Regexp_substr function
The regexp_substr function similar to the Substr function is used to extract a part of a string. Table 8 shows the syntax of this new function. In the example below, the string of matching mode [^,] * will be returned. The regular expression searches for a comma that follows the space; then press [^,] * instruction to search for zero or more characters that are not a comma, and finally find another comma. This model looks a bit like a string of value separated by a comma.
Select Regexp_substr ('First Field, Second Field, Third Field', ", [^,] *, ') from DUAL
Regexp_substr ('FIR
------------------
, SECOND FIELD,
Regexp_replace function
Let's take a look at the traditional replace SQL function, which replaces a character to another string. Suppose your data is unnecessary space in your body, you want to replace them with a single space. With the Replace function, you need to list how many spaces you want to replace. However, the number of excess spaces may not be the same in the body. The following example has three spaces between Joe and Smith. The parameter of the Replace function specifies that you want to replace two spaces with a space. In this case, the result has an additional space between Joe and Smith in the original string. SELECT Replace ('Joe Smith', '', ') AS Replace from Dual
Replace
---------
Joe Smith
The regexp_replace function advances the replacement function forward and its syntax is listed in Table 9. The following query replaces any two or more spaces with a single space. () Sub-expression contains a single space, which can be repeated twice or more in {2,} indication.

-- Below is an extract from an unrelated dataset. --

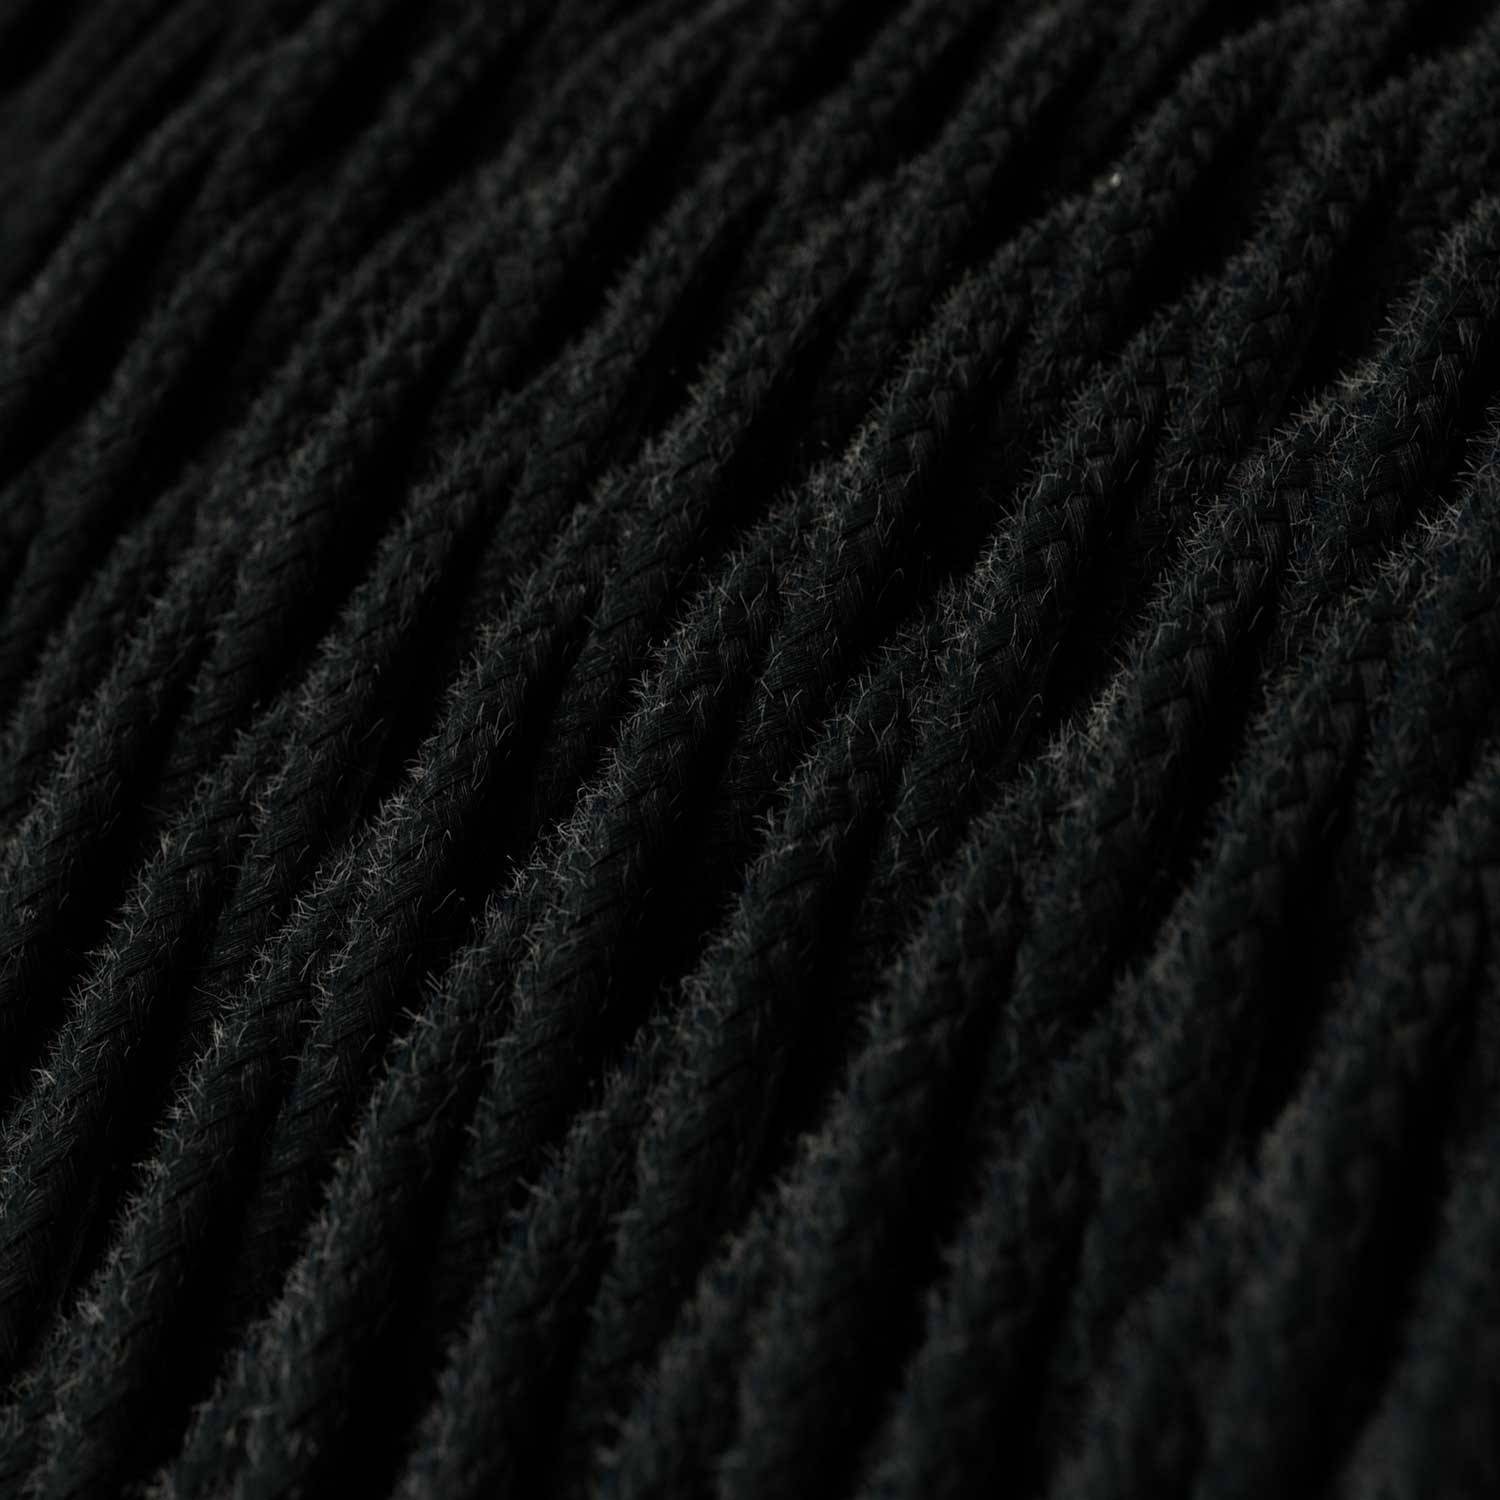 Splétaný bavlněný textilní elektrický kabel, TC04 Černý

Select Regexp_replace ('Joe Smith', '() {2,}', '') AS RX_REPLACE from DUAL
RX_REPLACE
------------
Joe Smith
Backward reference
A useful characteristic of the regular expression is to be able to store sub-expressions after reuse; this is also referred to as a rearward reference (an overview thereof in Table 10). It allows complex alternatives, such as swap mode in a new location or a word or letters repeated. The matching portion of the sub-expression is saved in the temporary buffer. The buffer is numbered from left to right, and the / DIGIT symbol is used to access, where DIGIT is a number between 1 and 9, which matches the Digit sub-expression, the child expression is displayed in a group of parentheses.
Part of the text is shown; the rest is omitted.